** PROBLEM DETAILS **
Please give the number of lines in the material below that contain "Leather", without further comment.

** DATA SHOWN **

****

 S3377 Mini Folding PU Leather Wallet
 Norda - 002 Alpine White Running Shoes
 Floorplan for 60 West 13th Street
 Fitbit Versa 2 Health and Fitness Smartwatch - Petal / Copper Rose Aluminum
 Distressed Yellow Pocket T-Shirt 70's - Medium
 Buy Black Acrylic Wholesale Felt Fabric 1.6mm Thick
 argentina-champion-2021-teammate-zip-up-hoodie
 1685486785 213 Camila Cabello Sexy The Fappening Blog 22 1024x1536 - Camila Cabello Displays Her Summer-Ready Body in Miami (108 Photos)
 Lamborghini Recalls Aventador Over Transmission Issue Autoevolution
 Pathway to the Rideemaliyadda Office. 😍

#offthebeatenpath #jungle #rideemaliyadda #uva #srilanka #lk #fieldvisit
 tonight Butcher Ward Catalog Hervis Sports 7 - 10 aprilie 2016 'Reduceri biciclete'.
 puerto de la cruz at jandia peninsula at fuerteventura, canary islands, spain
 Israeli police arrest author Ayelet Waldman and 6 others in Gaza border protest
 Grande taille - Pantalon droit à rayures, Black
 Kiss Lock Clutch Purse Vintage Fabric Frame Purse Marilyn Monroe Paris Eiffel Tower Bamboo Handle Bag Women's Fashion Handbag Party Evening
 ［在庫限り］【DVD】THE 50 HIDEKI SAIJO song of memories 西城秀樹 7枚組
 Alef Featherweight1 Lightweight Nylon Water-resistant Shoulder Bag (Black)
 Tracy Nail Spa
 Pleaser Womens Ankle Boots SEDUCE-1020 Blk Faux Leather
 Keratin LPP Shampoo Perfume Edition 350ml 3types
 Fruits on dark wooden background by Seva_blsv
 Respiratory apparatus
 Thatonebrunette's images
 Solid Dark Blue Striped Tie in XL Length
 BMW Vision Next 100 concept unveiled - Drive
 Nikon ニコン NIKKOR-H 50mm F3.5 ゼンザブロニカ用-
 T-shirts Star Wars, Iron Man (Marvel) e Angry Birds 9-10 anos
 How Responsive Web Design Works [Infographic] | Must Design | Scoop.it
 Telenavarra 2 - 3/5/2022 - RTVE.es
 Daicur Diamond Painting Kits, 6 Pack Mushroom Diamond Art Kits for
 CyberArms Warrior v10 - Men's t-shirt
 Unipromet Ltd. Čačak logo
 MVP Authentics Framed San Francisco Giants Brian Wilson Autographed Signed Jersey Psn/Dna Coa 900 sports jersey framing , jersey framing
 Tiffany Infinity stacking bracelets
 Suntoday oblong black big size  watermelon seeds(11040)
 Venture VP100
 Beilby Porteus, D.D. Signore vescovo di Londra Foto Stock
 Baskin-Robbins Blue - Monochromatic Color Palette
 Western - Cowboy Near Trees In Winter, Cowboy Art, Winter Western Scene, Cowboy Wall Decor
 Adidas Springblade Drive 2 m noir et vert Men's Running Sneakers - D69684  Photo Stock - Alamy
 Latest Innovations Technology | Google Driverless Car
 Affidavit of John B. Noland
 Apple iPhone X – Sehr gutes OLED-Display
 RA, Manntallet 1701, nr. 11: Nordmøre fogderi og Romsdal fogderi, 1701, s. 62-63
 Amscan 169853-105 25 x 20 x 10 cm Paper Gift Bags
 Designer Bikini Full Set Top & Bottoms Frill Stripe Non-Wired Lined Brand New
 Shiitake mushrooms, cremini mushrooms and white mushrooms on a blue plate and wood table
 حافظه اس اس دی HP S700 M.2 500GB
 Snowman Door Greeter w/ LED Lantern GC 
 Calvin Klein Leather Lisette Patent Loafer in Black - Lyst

****

** YOUR SOLUTION **
3